Before digging into the Fordham Institute’s quantitative analysis, I want to explain why cognitive scientists think that background knowledge is so important in reading comprehension. A small experiment at Marquette University in the 1980s is instructive. Middle school students were asked to read a passage about a half inning of baseball and then reenact the action using wooden figures on a model field. Weaker readers who were familiar with baseball were much better at understanding and remembering the passage than stronger readers who didn’t know much about the sport. It wasn’t the best designed experiment but it makes a point that many other education researchers have since confirmed, that prior knowledge is critical to making sense of new things. “If you lack background knowledge about the topic, ample evidence from the last 40 years indicates you will not comprehend the author’s claims in the first place,” wrote University of Virginia cognitive scientist Daniel Willingham, who has studied how our brains learn to read.
Lack of background knowledge amplifies the academic gap between rich and poor kids. High-income children are more likely to travel, go to museums and attend live performances. All this exposure helps them become better readers. Some reading curricula are packed with content knowledge but many schools don’t use them.
Proponents of teaching kids more content are now wondering if it would be easier and more effective to improve reading by encouraging schools to teach a little more history, geography and civics. The Council of Chief State School Officers is currently working with 13 states to encourage the use of knowledge heavy curricula, as well as promoting social studies instruction. The Johns Hopkins Institute for Education Policy has developed tools to analyze social studies curricula and is currently reviewing how much knowledge the Baltimore and Miami-Dade schools are helping children learn. It also plans to analyze lesson plans created by the 1619 Project, which grew out of a series of New York Times stories that reframe American history around slavery and its consequences.
In the new study, two researchers, Adam Tyner of the Fordham Institute and Sarah Kabourek, a research scientist at the NORC research center at the University of Chicago, looked at data from almost 7,000 students across the U.S. who started kindergarten in 2011. (The students were part of a nationally representative group of students that the U.S. Department of Education tracks. Parents and teachers of these students answer surveys every year so that researchers can study them.) In this case, the researchers counted up how many hours of instruction the students received in all subjects, from reading to science, over the course of five years from first through fifth grades and looked at how those hours of instruction in each subject compared with the students’ fifth grade reading scores.
According to the researchers’ calculations, only social studies — among all the subjects — made a positive impact on reading over the long term. Indeed, for every half hour of additional social studies instruction a child received per day, his or her fifth grade reading scores were 0.15 of a standard deviation higher, on average. Standard deviations are statistical units that are hard to translate but this represents a relatively small increase in test scores. Certainly, social studies isn’t a silver bullet to fix reading but the result here suggests that it might help.
The researchers controlled for students’ socio-economic status, race, home language and many other other student and school characteristics.

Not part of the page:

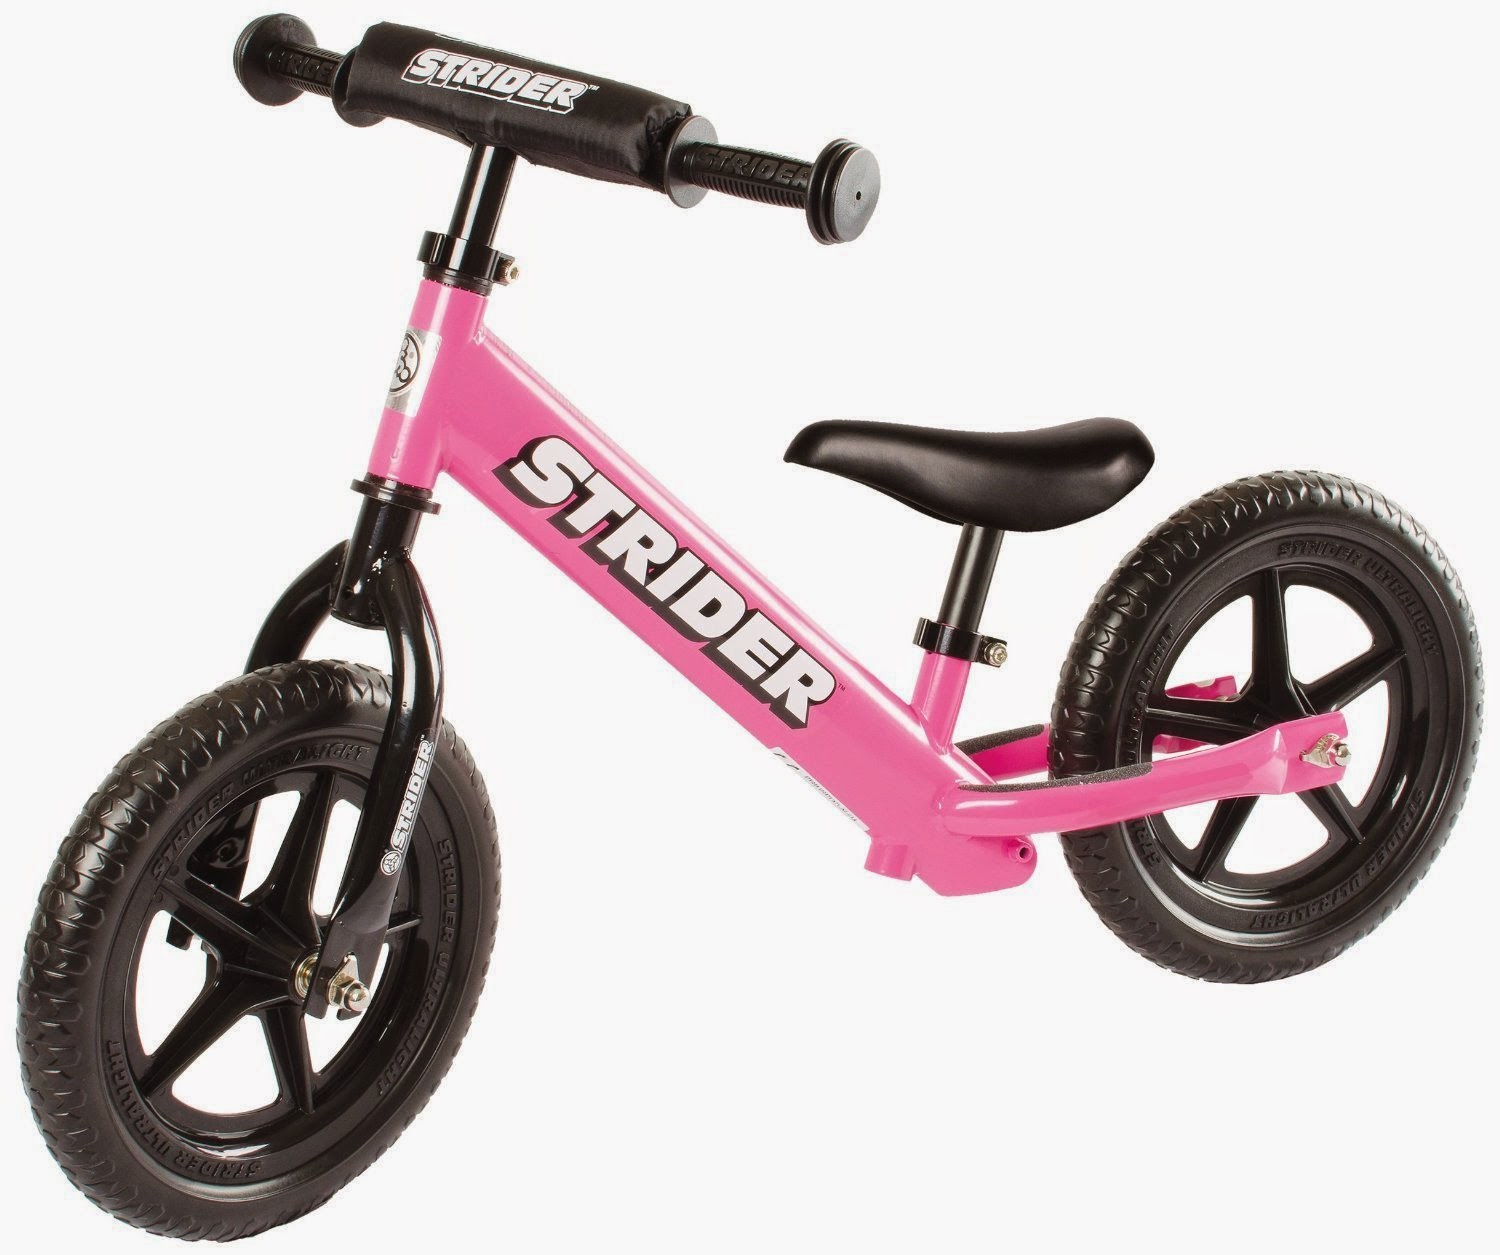 Strider 12 Sport No-Pedal Balance Bike, pink, picture, image, review features and specifications

The boost to reading scores from taking more hours of social studies was true even among students of the same race and family income and who started with the same reading scores in kindergarten. The researchers also checked to see if teachers were giving stronger readers more social studies instruction because they didn’t need as much help with reading but they didn’t find any evidence of that.
Counterintuitively, more minutes of reading instruction were not associated with higher reading scores.
Income did make a difference. Lower income and middle class students experienced the reading gains from social studies classes while students among the top 25 percent in socioeconomic status didn’t get a bump.
The Fordham study found that elementary school children had an average of two hours a day of reading instruction, compared with less than a half hour of social studies. Some students got as little as 15 minutes a day of social studies. Others got three times as much with 45 minutes daily. There was no evidence that high-income children were getting more social studies instruction than low-income children although high-income children were likely to get more minutes of art and music. (See graphic for minutes of instruction per subject.)
It’s not uncommon for schools to schedule extra long “literacy blocks” that can stretch more than two hours a day. During these long periods, teachers often focus on reading skills, such as finding the main idea or determining the author’s perspective in random passages. Based on this evidence, the time might be better spent deeply studying a specific topic, such as the life of Abraham Lincoln.
This study doesn’t prove that social studies is causing the reading gains. Perhaps better teachers are making the decision to teach more social studies. Even if these teachers weren’t teaching any social studies, their students might still be better readers. We need more studies to compare how similar students fare with and without more social studies.
One mystery is science. According to this content knowledge theory of reading comprehension, reading ought to have improved in students who had more minutes of science instruction, too. But it didn’t. Either scientific topics aren’t tested as often on reading tests or something is awry here. The researchers also didn’t find a reading boost from spending more minutes on art, music, physical education and foreign languages, which they lumped together in one category.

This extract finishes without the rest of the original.